Was it enough? We'll see! What I do know is, we were invited for a follow-up. And the guy wants to record a gaming session, and air parts of it on the TV.
I said "only if you yourself participate". His answer: "of course, it wouldn't be fair otherwise!" We have an agreement, and exchanged FB coordinates.
Overall, I'd say that's a success.


*Fun fact: before the show the host came to us to ask us to give more detailed answers. In his defense seems he's had negative experiences with an Youtuber who answered too much with "yes, it's exactly like this" or "no, it isn't".
Just remember: we were three guys with experience in GMing. I simply cut him short and said "there's many questions where you'll get a different answer from each of us, in turn, and they will all be correct - so don't worry".
We kept our word. He later admitted he felt like he's been interrupting us (and was right, but we didn't mind - we all knew the time constraints).
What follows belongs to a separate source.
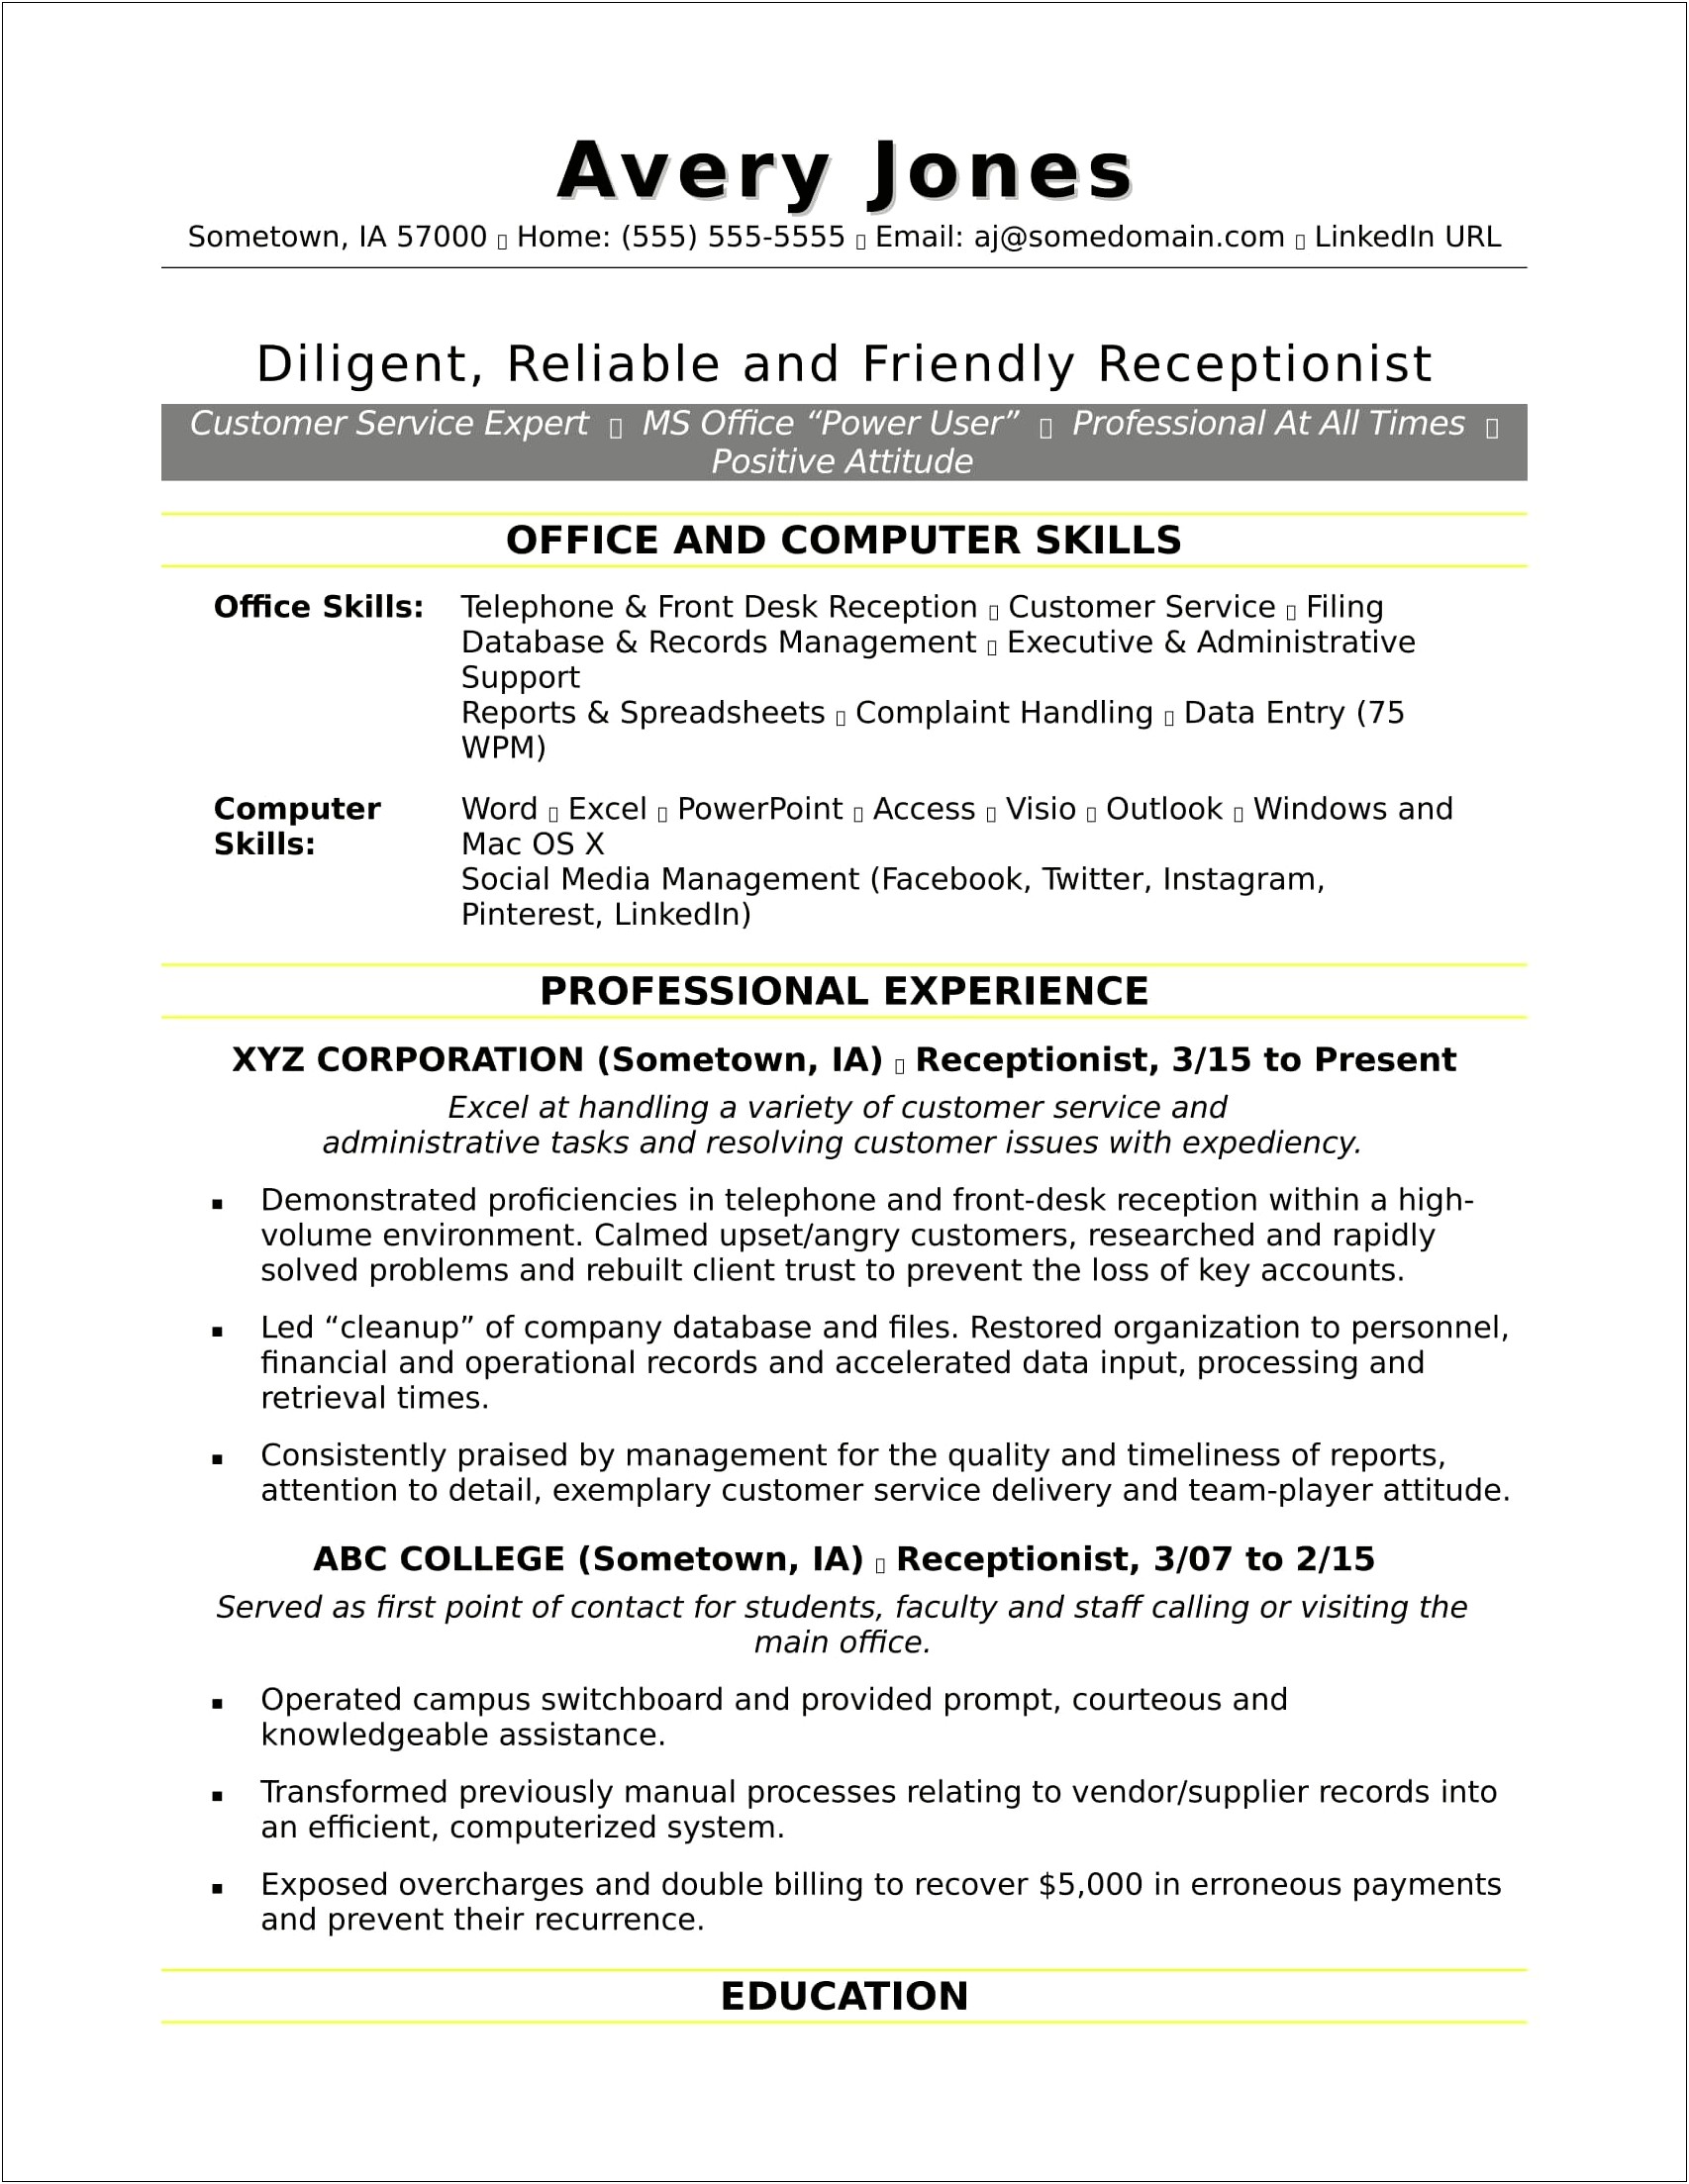 Sample Resume For Office Clerk Position

*Practice, practice, practice: Well, we inverted that one, out of necessity. In fact, we didn't have almost any time to practice our performance...except we took a cab, and worked a bit while travelling. We reached the conclusion that we can easily explain that...if the public is into geek/nerd jargon. Conclusion: we needed refining our pitch! (I have pitched PRGs a lot to new players, often successfully - but I always tailored the pitch to the specific group, after observing them. On TV, you don't get to do that).
So, while waiting for our turn, we used the other guests - we were waiting in a kind of lounge - as "test subjects", with their permission. We tried to explain to them what RPGs are, and refined the explanation until they got it. Then we used a version of this explanation on the show.
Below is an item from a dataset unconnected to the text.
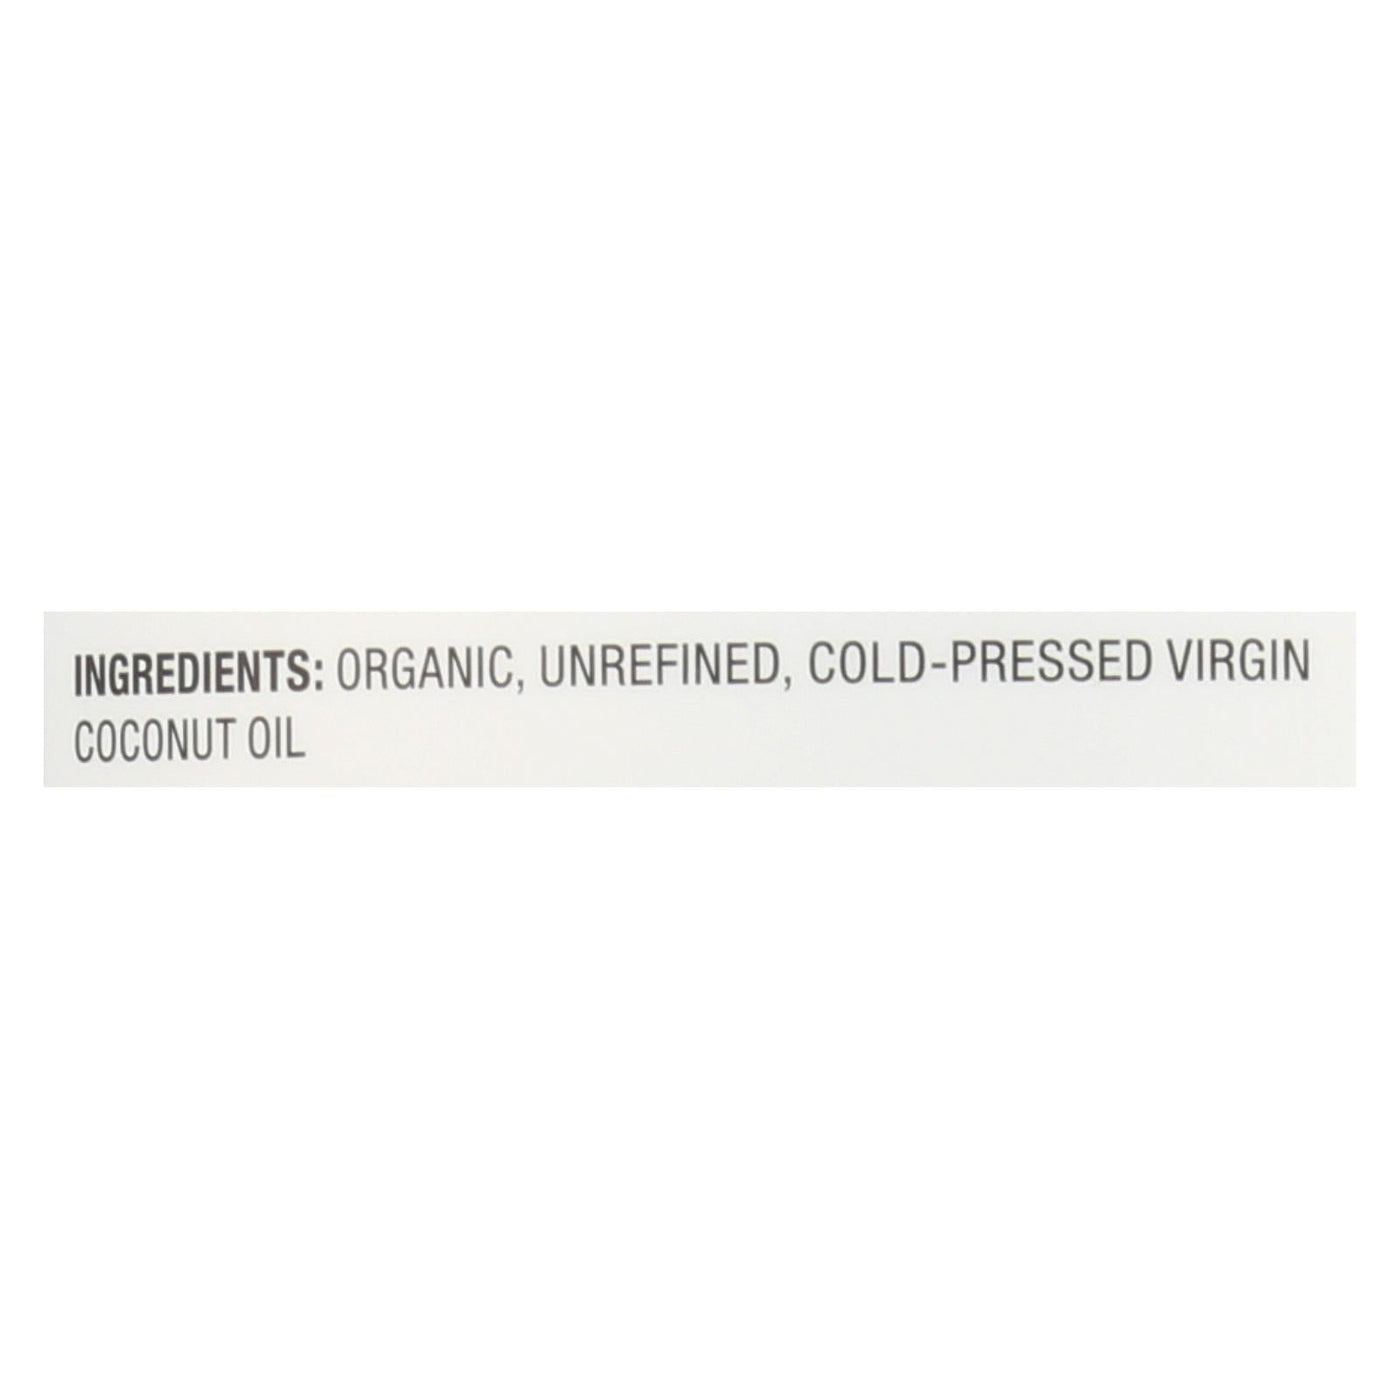 Nutiva Virgin Coconut Oil Organic - 54 Fl Oz | OnlyNaturals.us

*Note: 25 minutes is what we had. We wanted to show an RPG session, too...but in that timespan, it would have been kinda difficult.
Then again, we were invited to do a follow-up. We'll see what we can do.
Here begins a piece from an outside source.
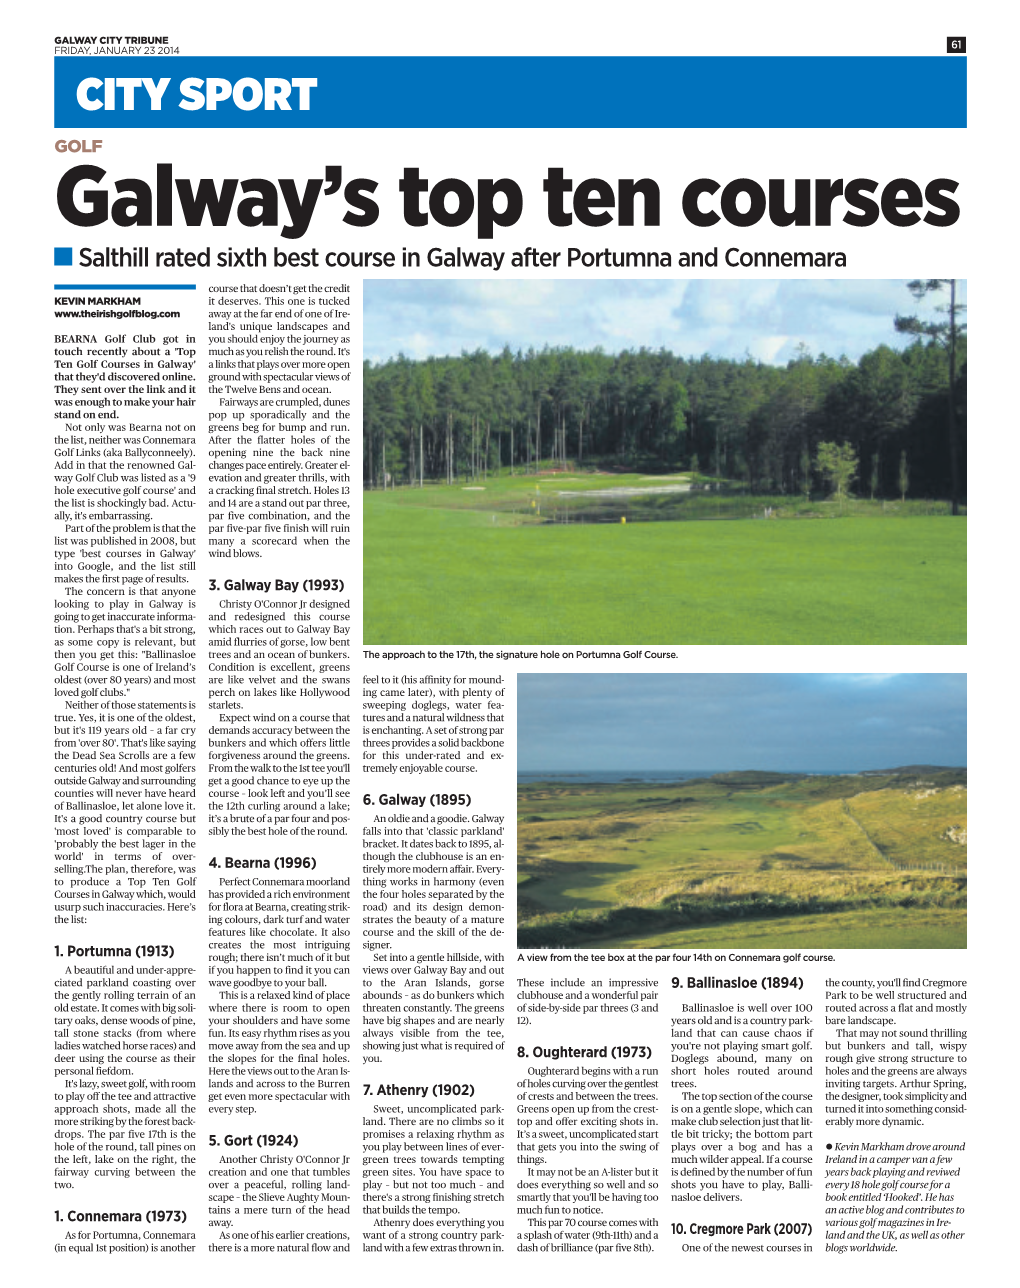 Galway's Top Ten Courses

*Questions: I wonder how it's going to work when we shoot a session. I mean, how much can you show in 25 minutes? (Well, that one is easy: exactly a 25-minutes worth of material. Compared to a 4 hours+ session. Riiight).
Should I use something fast, like an indie one-shot title? Or should we do the trick of all Youtube sessions, and shoot a whole session, but edit it to an acceptable length by only showing the important moments?

*When is it going to be aired? Well, the show would be aired on 23rd, I think. They usually upload it to Youtube afterwards.